* [PROBLEM DESCRIPTION]: Write out, with no changes, every line starting at the one that contains "adidas National Sling" and ending at the last line of the data below. Leave pictures out.

:: DATA EXCERPT ::

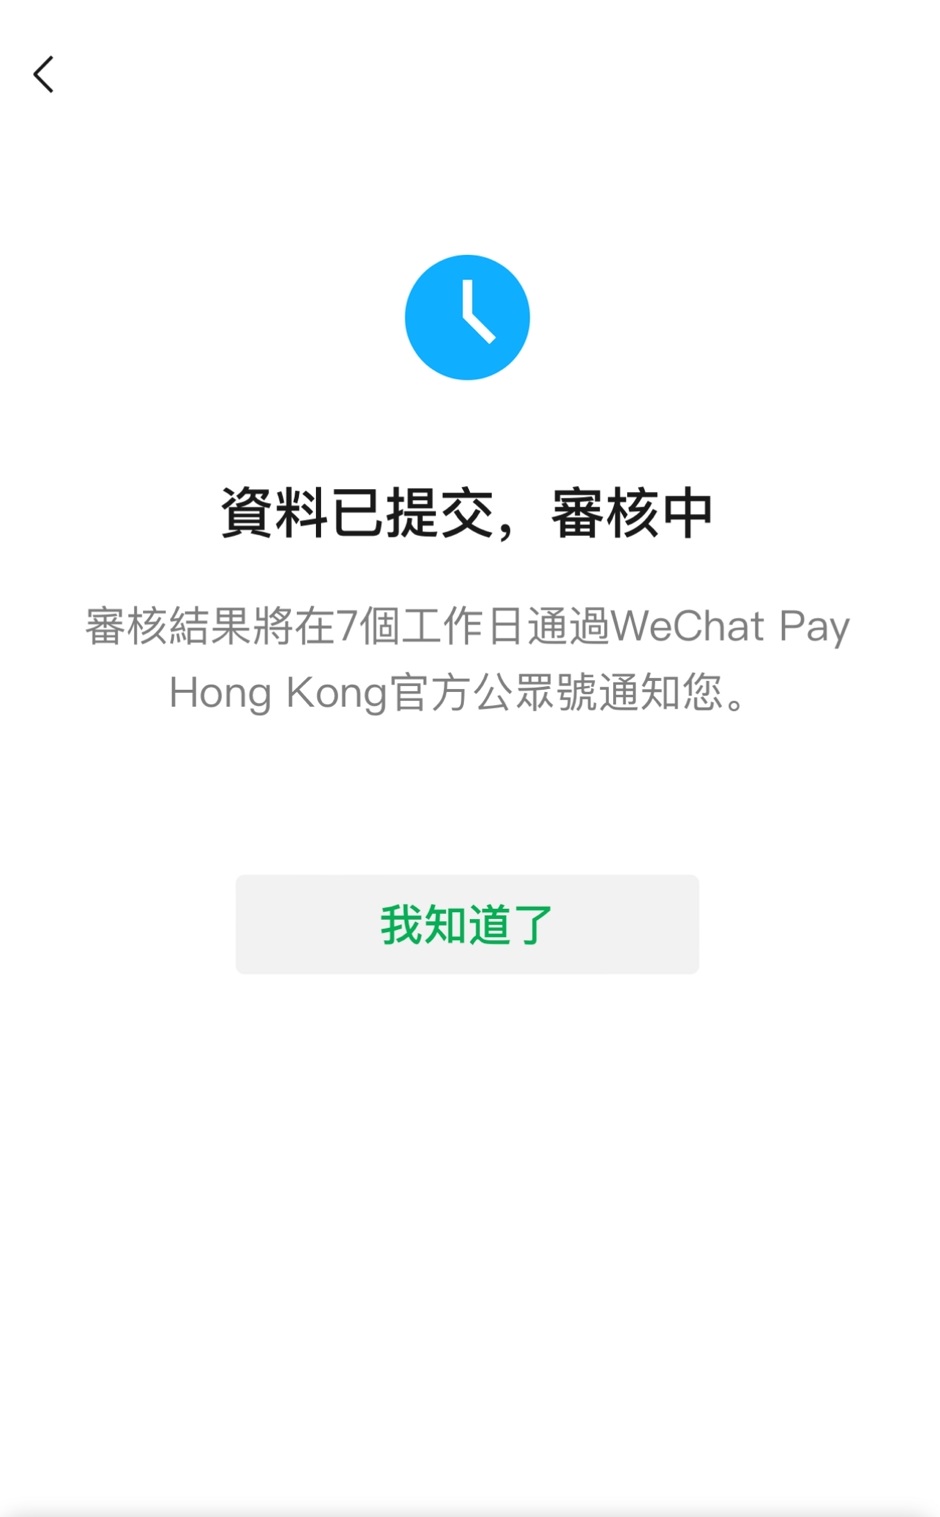 最後畫面將顯示「資料已提交，審核中」。審核結果將在7個工作日通過WeChat Pay HK官方公眾號通知。
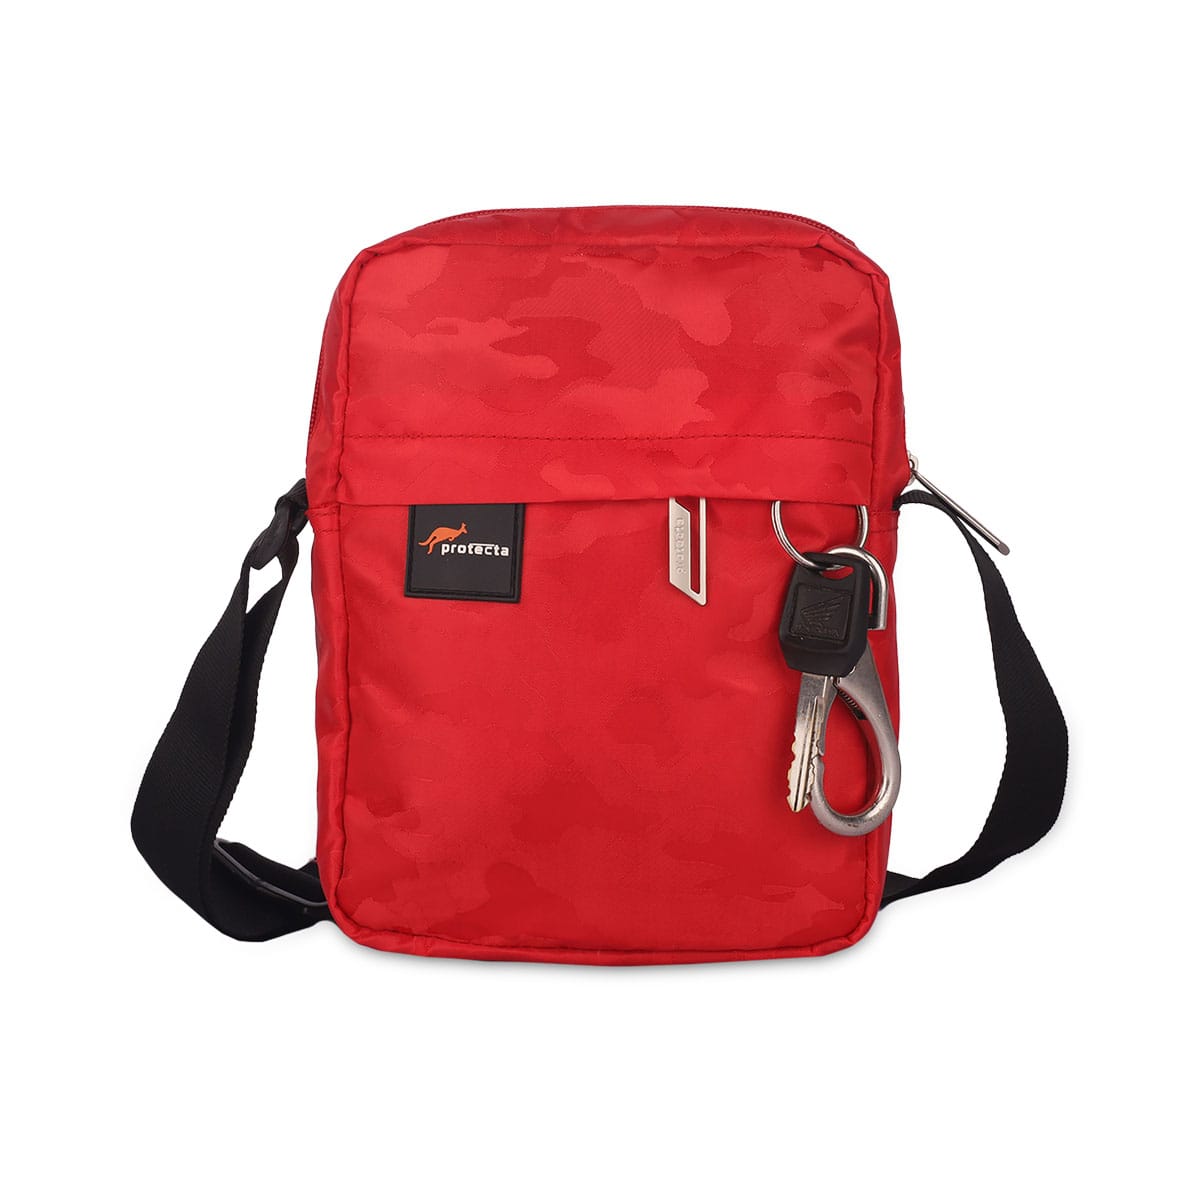 adidas National Sling Backpack - Black | Unisex Lifestyle | adidas US
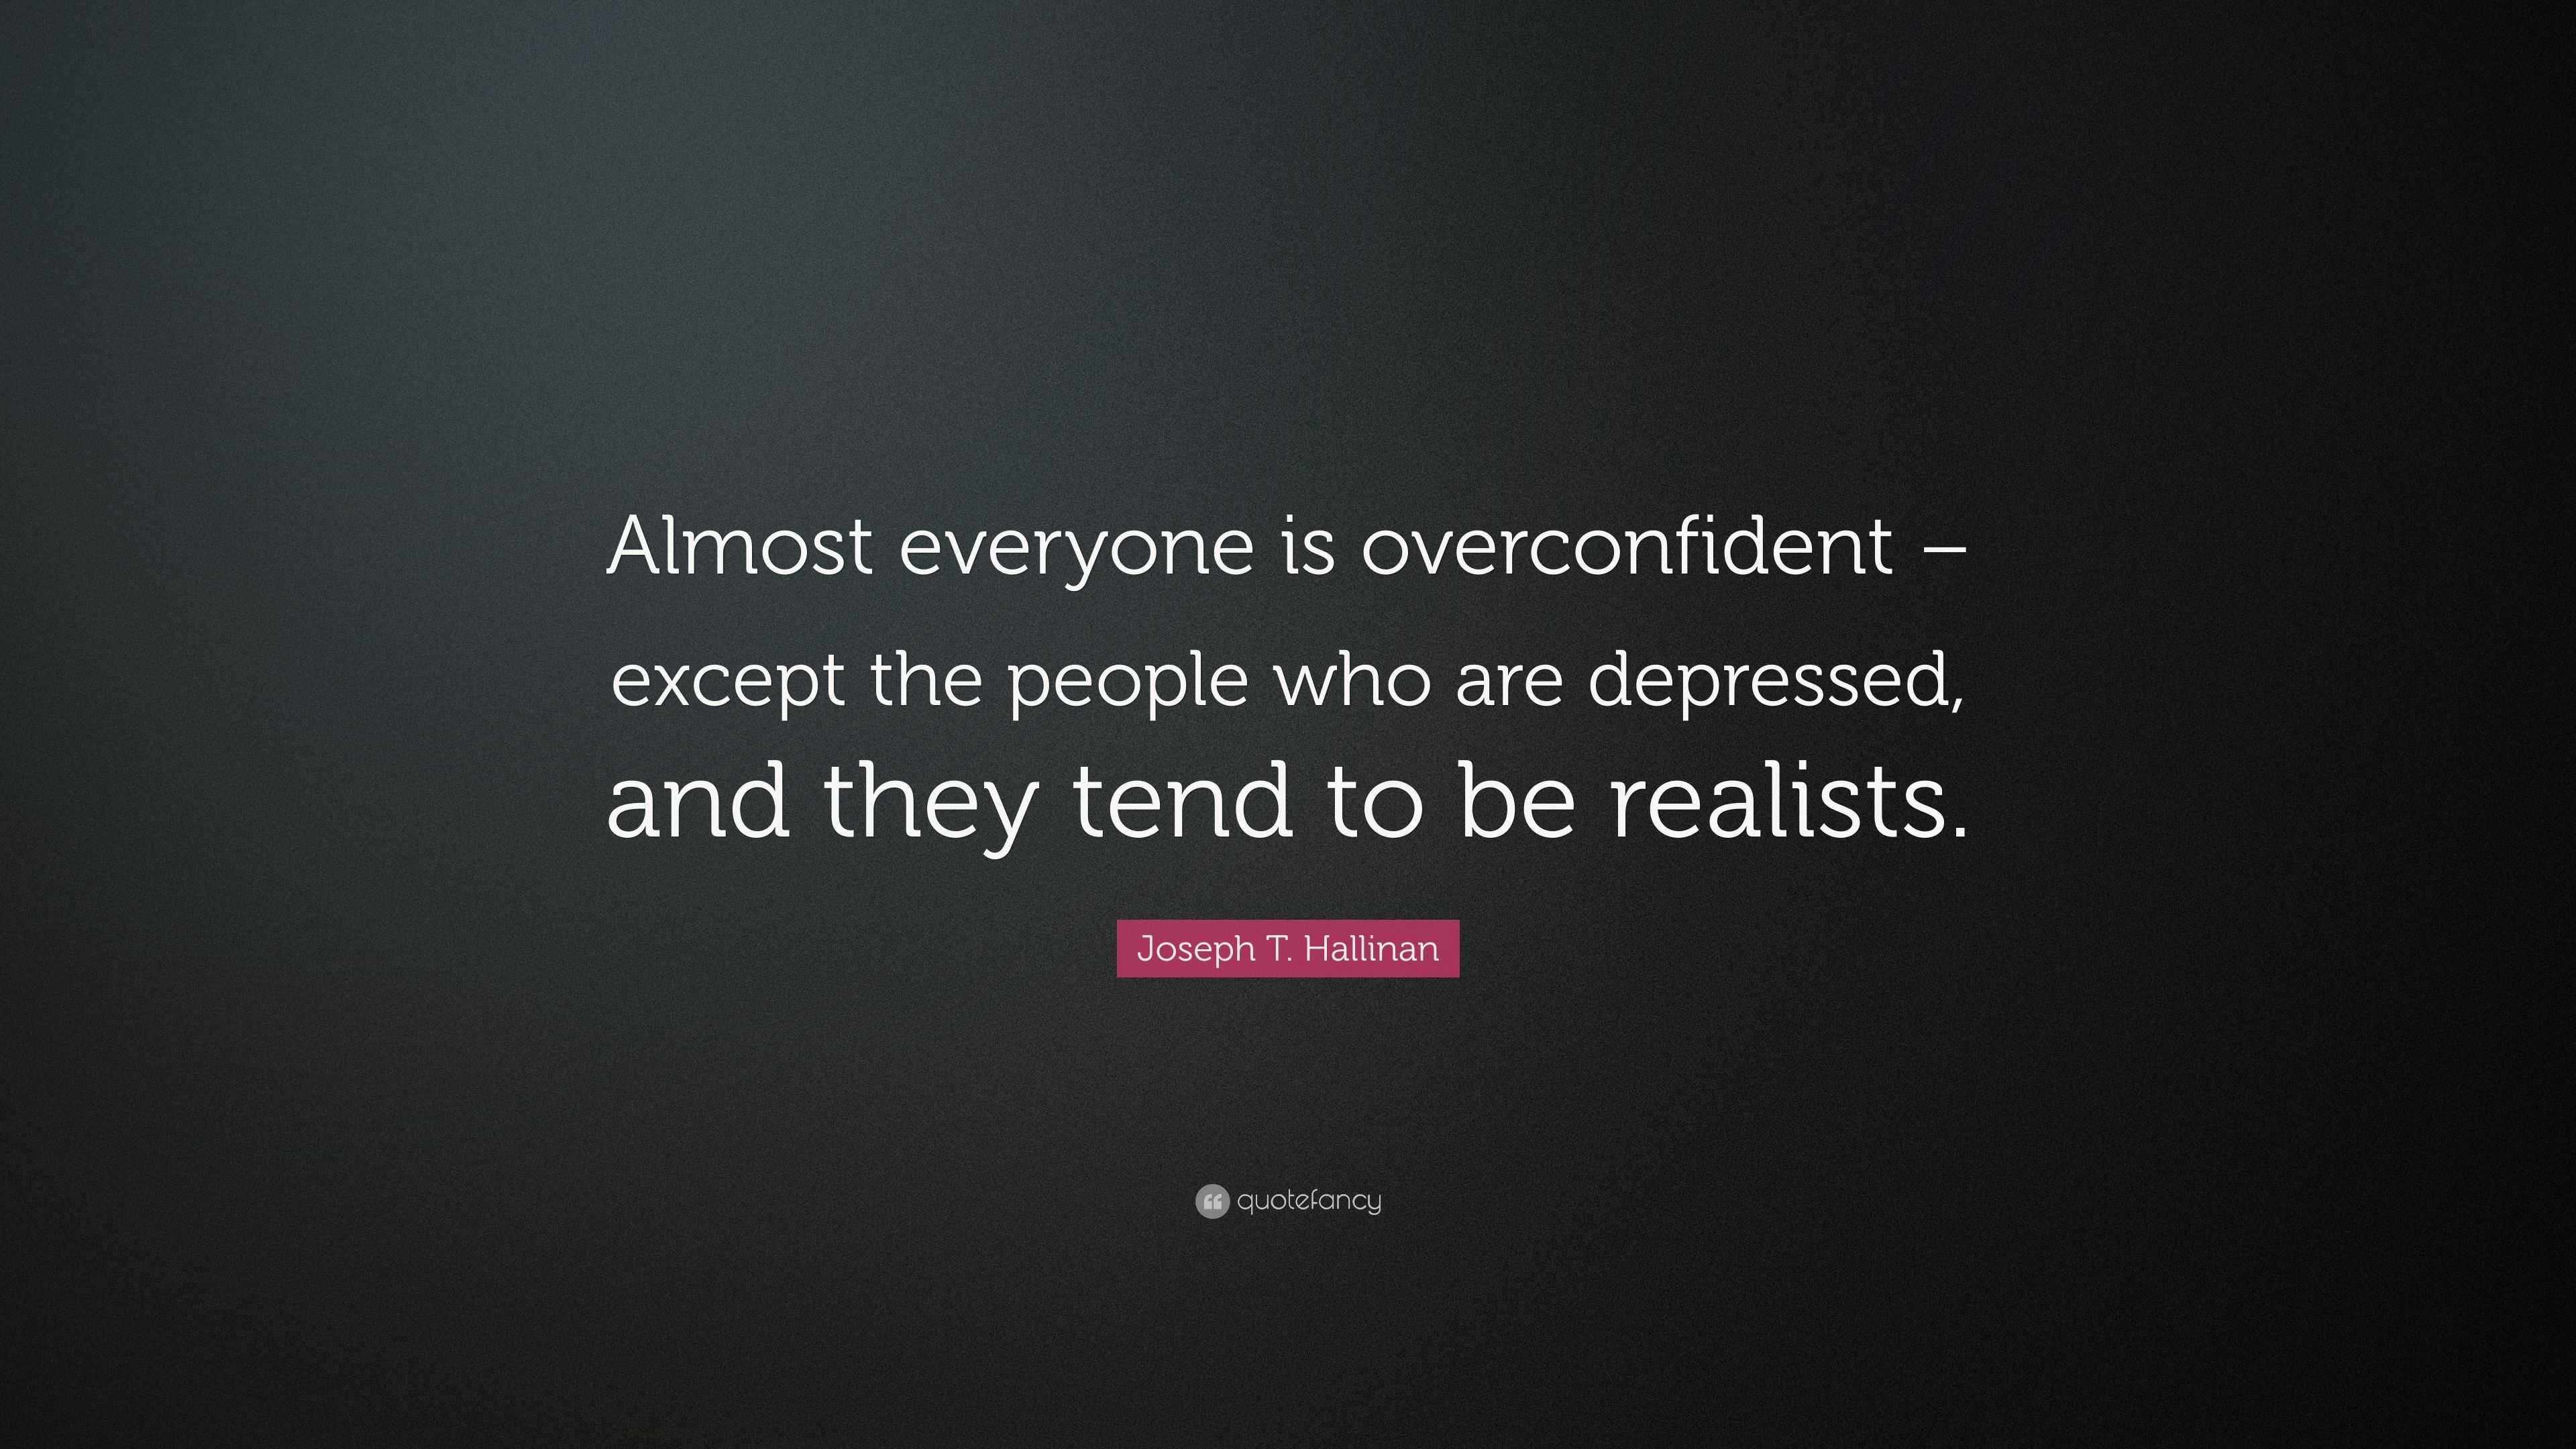 Joseph T. Hallinan Quote: “Almost everyone is overconfident – except ...
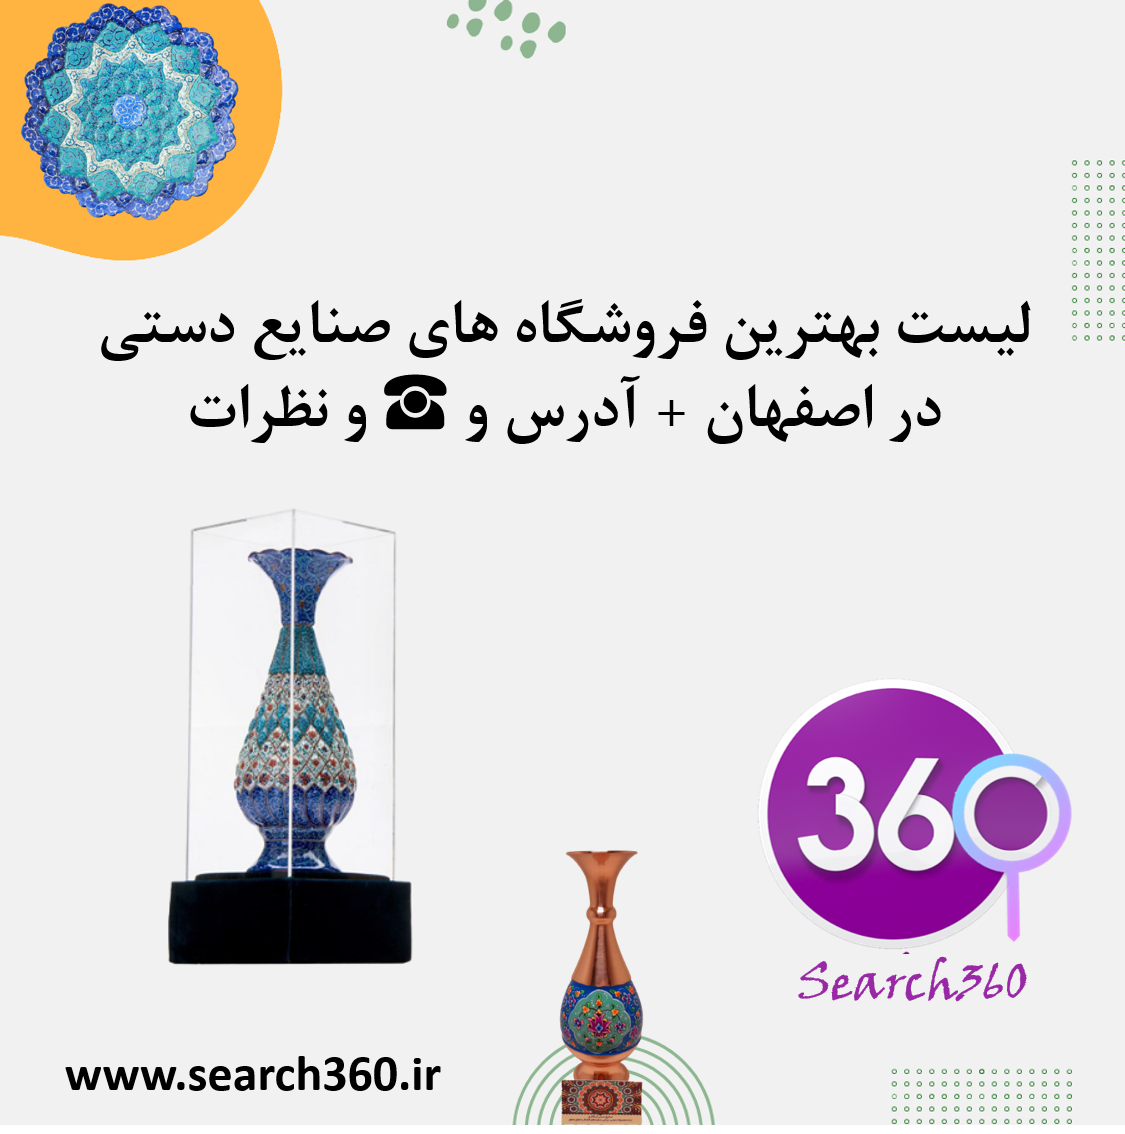 لیست بهترین فروشگاه های صنایع دستی در اصفهان با آدرس و تلفن  و نظرات ☎️ و نظرات

:::

* [TASK OUTPUT]:
 adidas National Sling Backpack - Black | Unisex Lifestyle | adidas US
 Joseph T. Hallinan Quote: “Almost everyone is overconfident – except ...
 لیست بهترین فروشگاه های صنایع دستی در اصفهان با آدرس و تلفن  و نظرات ☎️ و نظرات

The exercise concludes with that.